— Given material —
Content starts
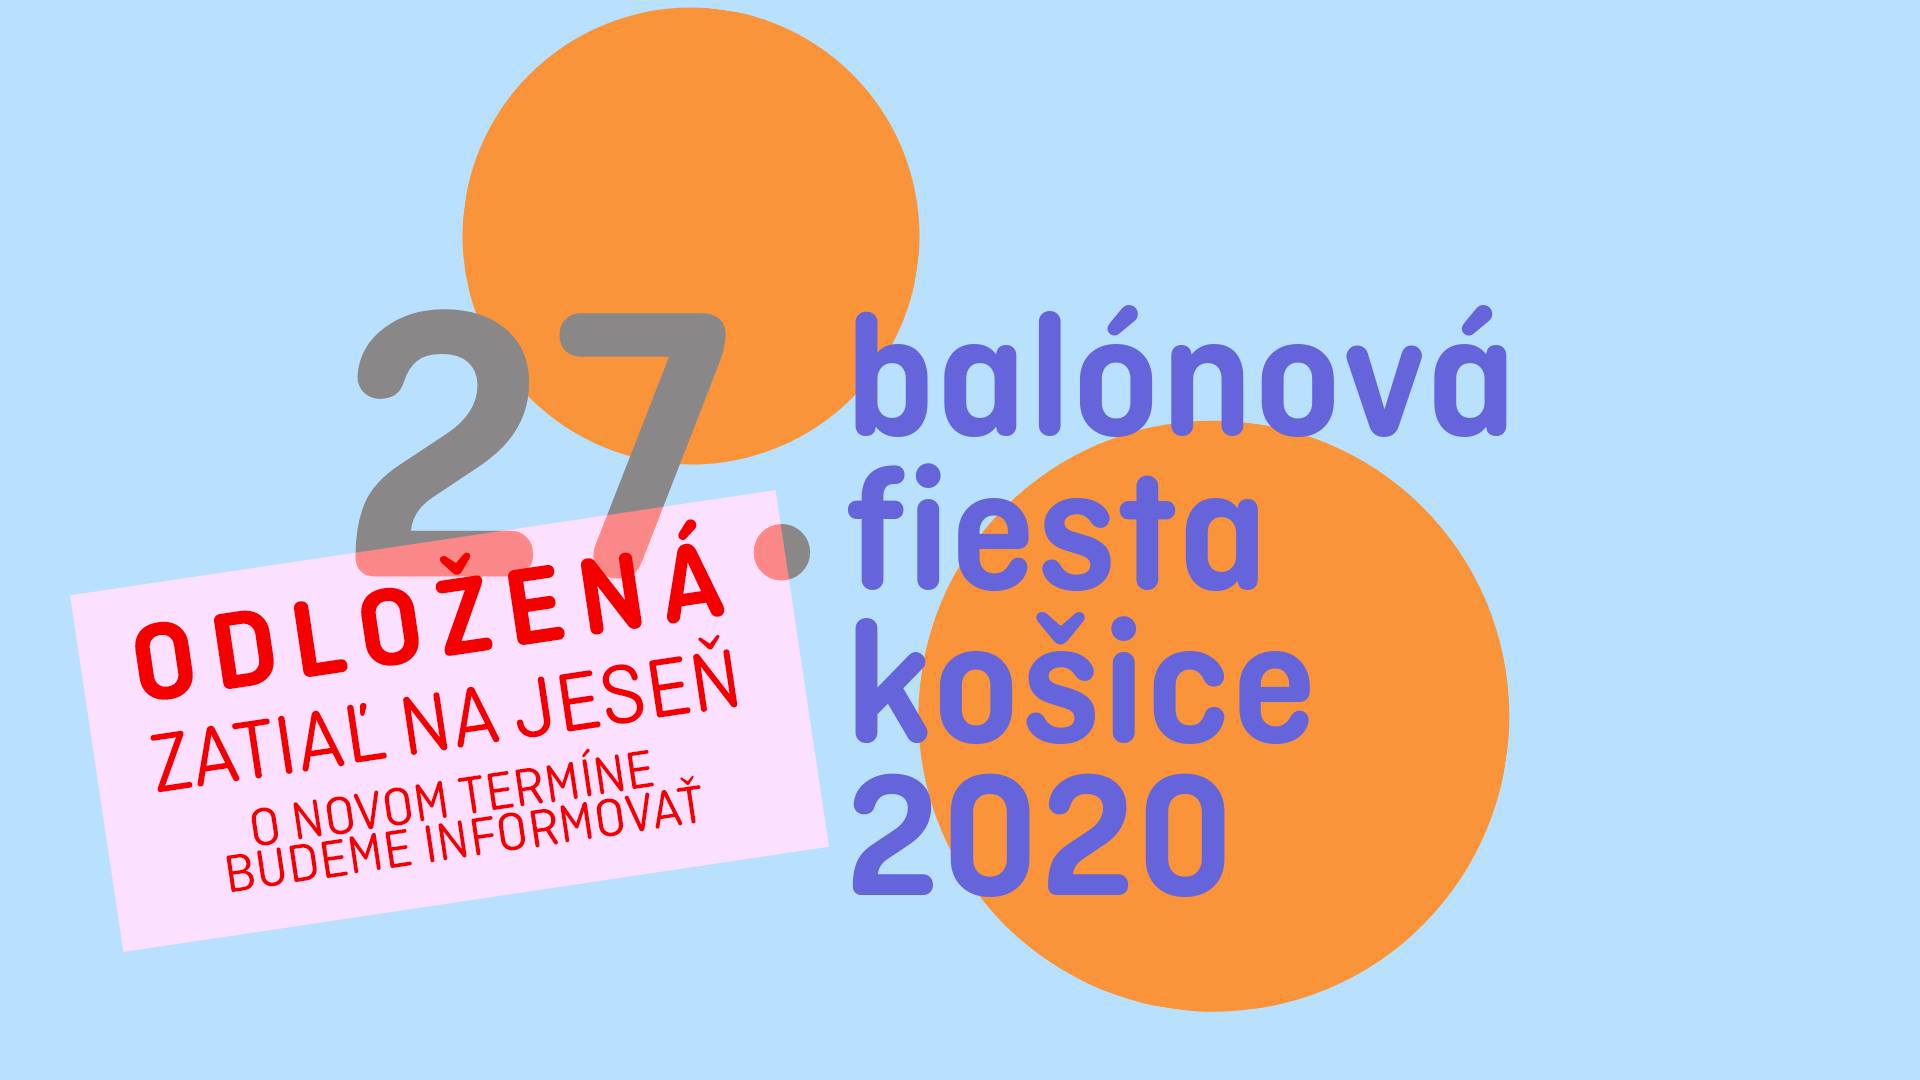 27. balnov fiesta koice 2020 - - - POSUNUT
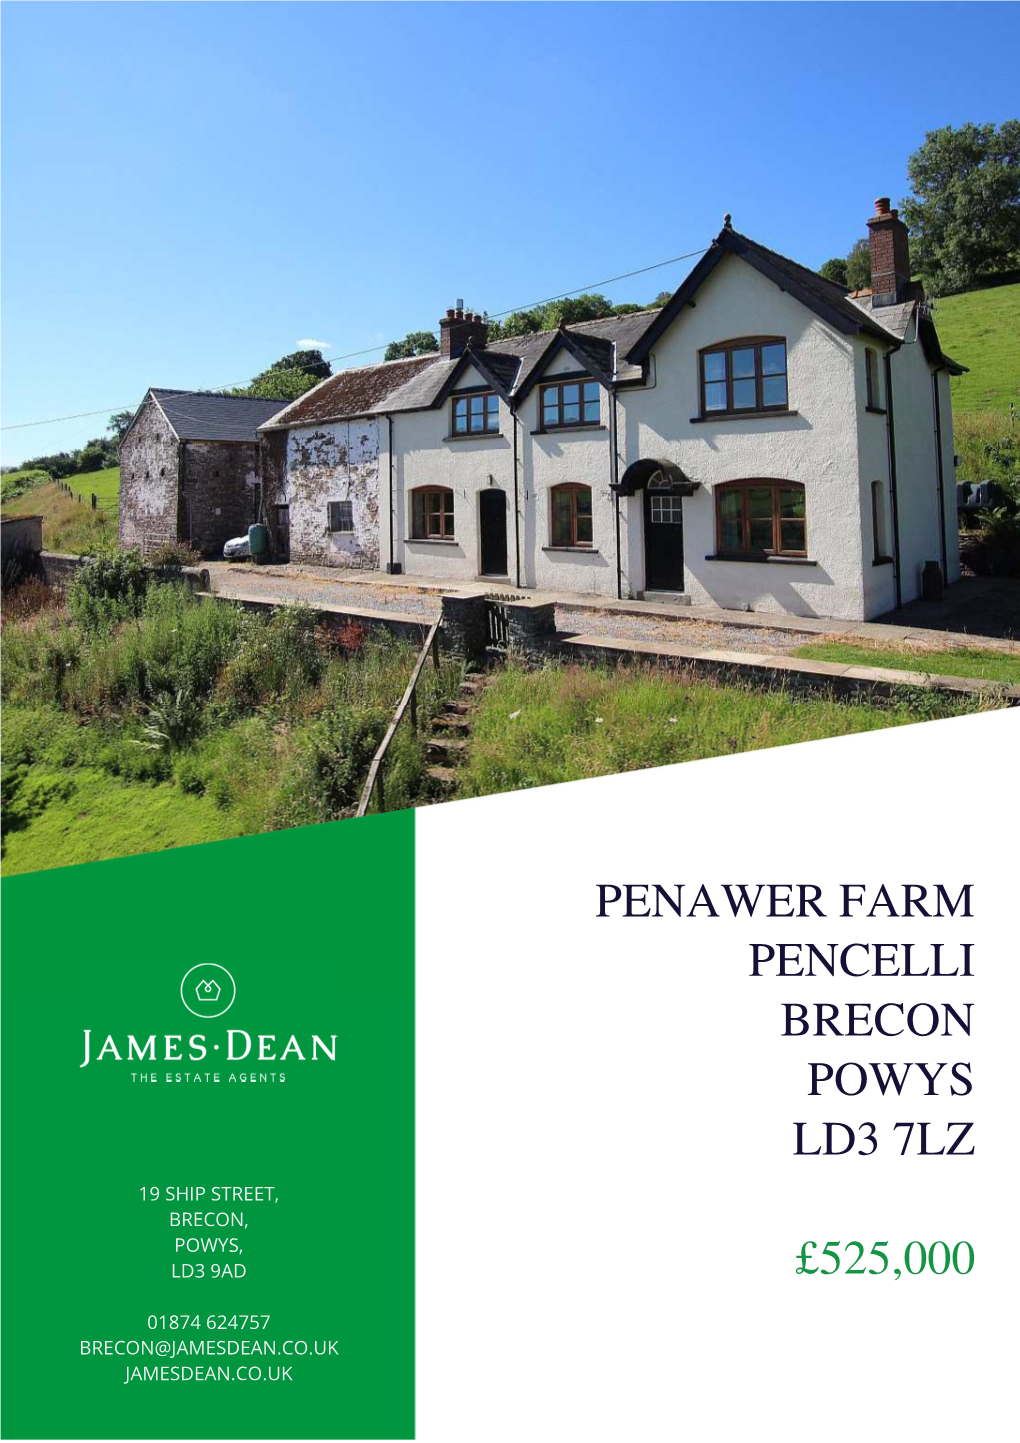 Penawer Farm Pencelli Brecon Powys Ld3 7Lz £525,000
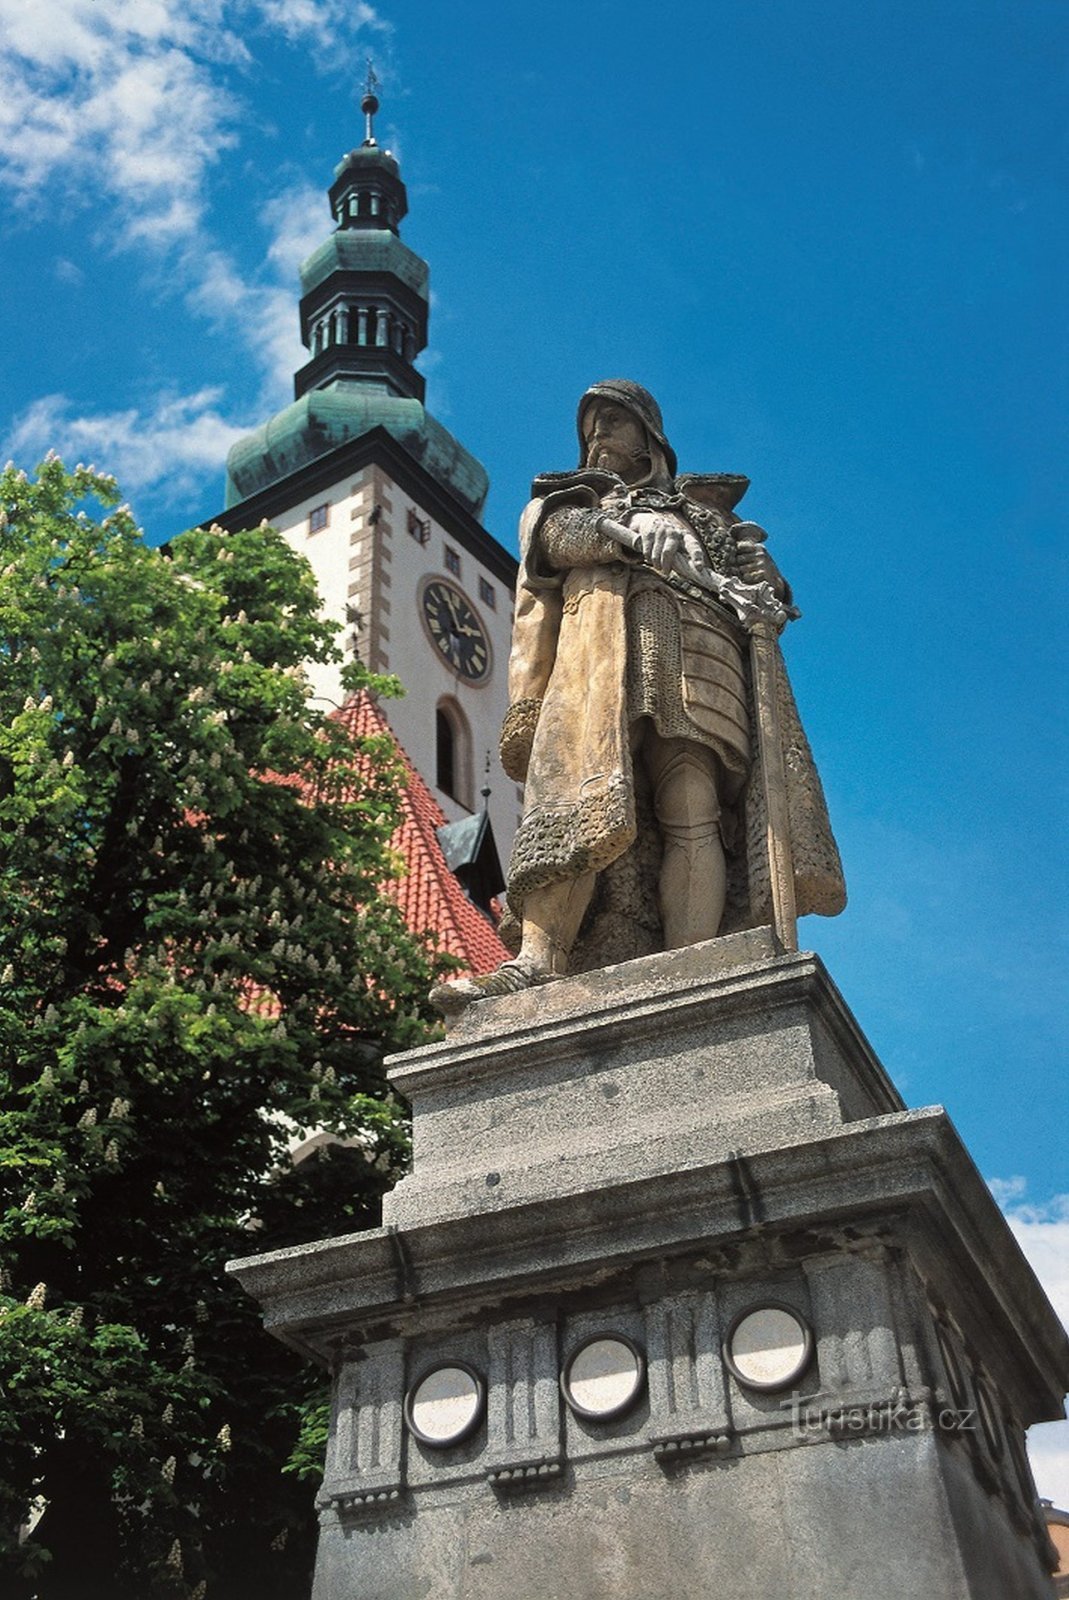 Statue of Jan Žižka (c) Town of Tábor
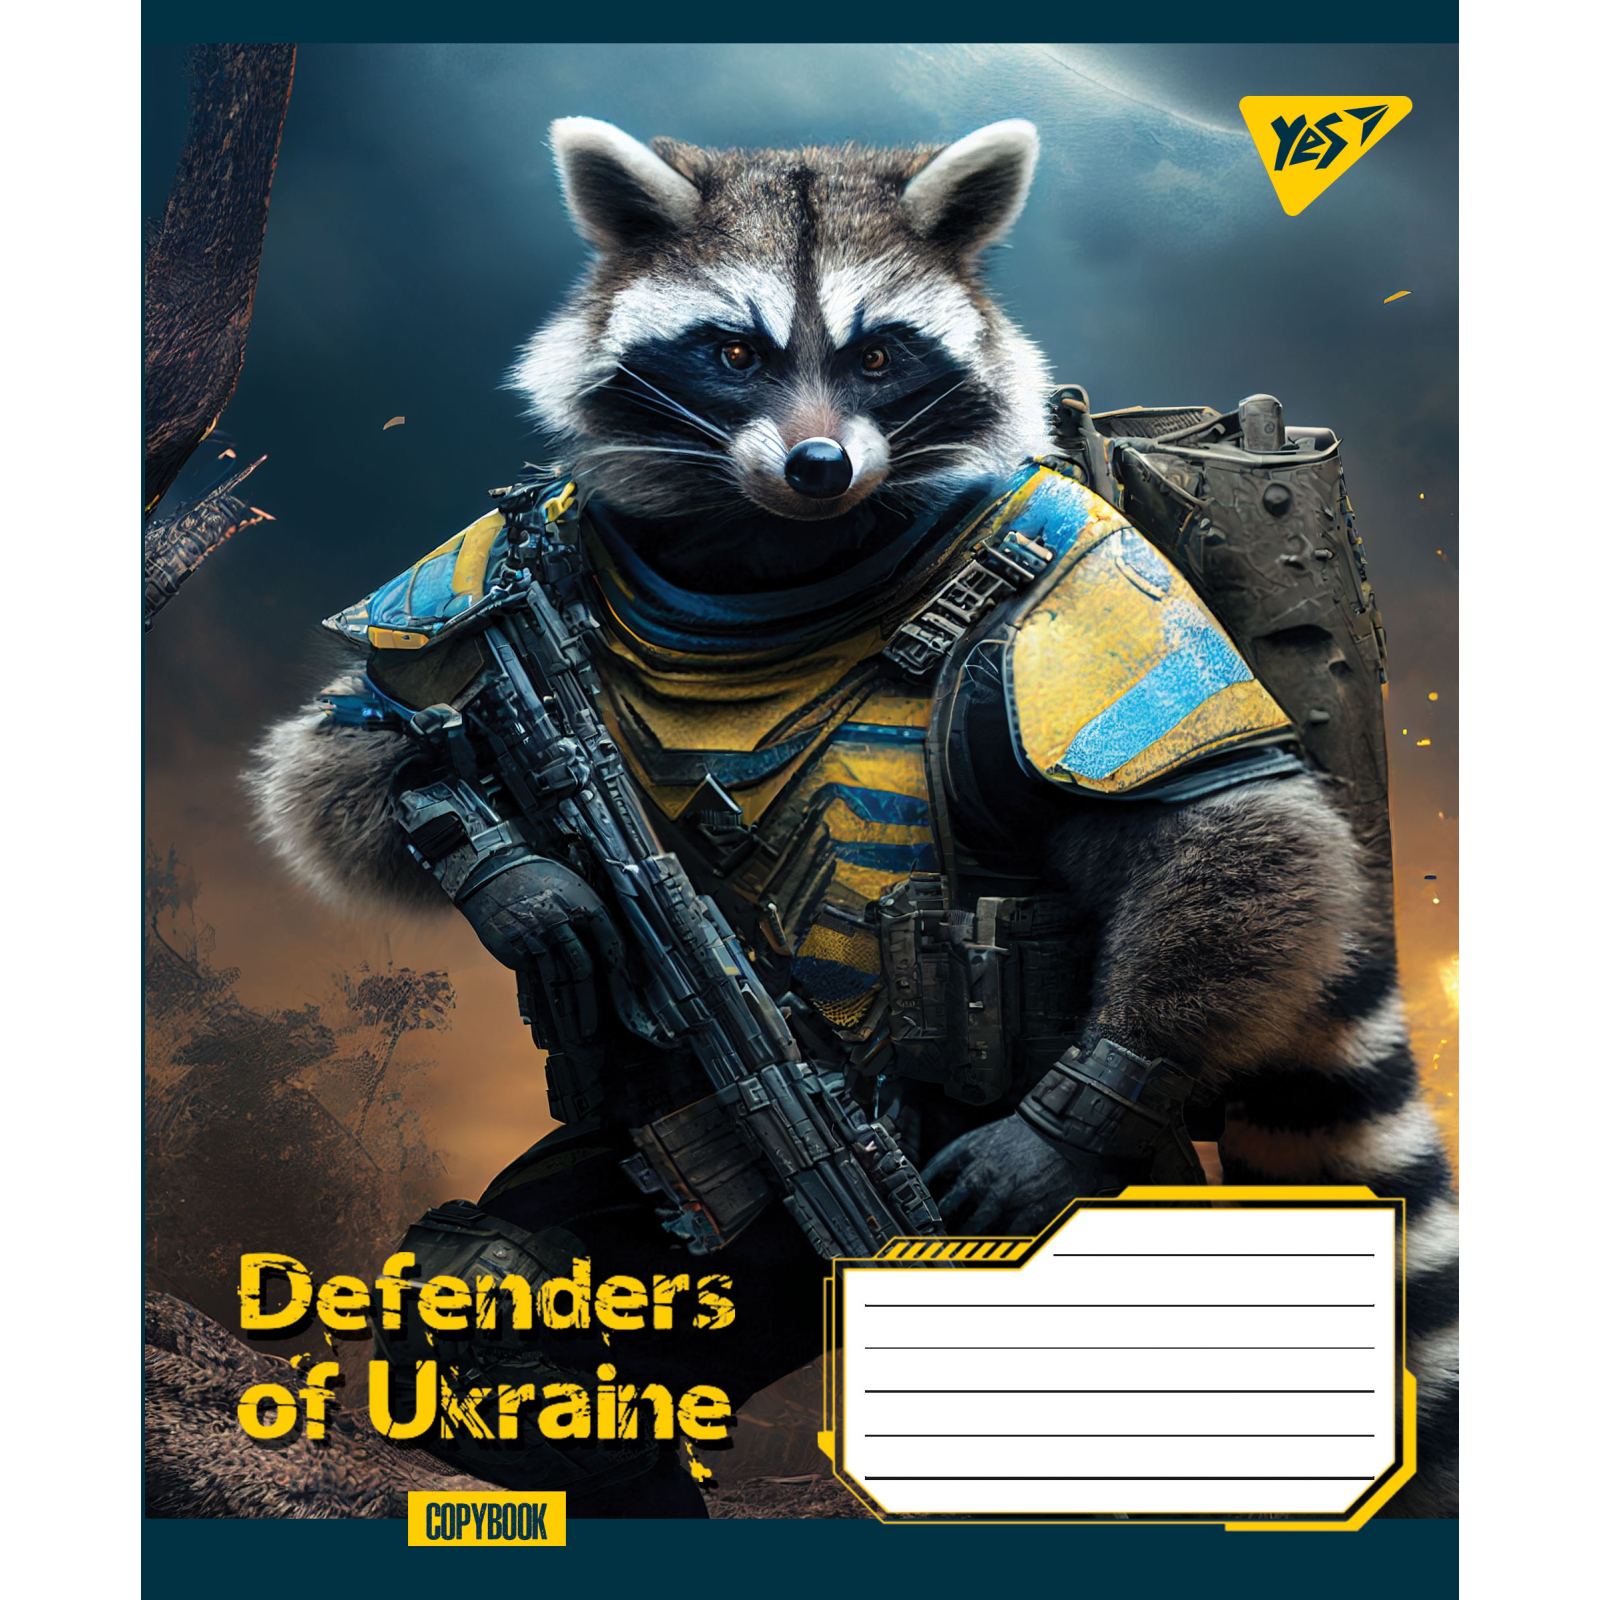 Зошит Yes А5 Defenders of Ukraine 36 аркушів, лінія (766426) зображення 4
Content ends
— Work order —
Transcribe exactly the span of lines from the line holding "Statue of Jan Žižka (c) Town of Tábor" through the last line above, both included. Pictures stay out.

— Result of this task —
 Statue of Jan Žižka (c) Town of Tábor
 Зошит Yes А5 Defenders of Ukraine 36 аркушів, лінія (766426) зображення 4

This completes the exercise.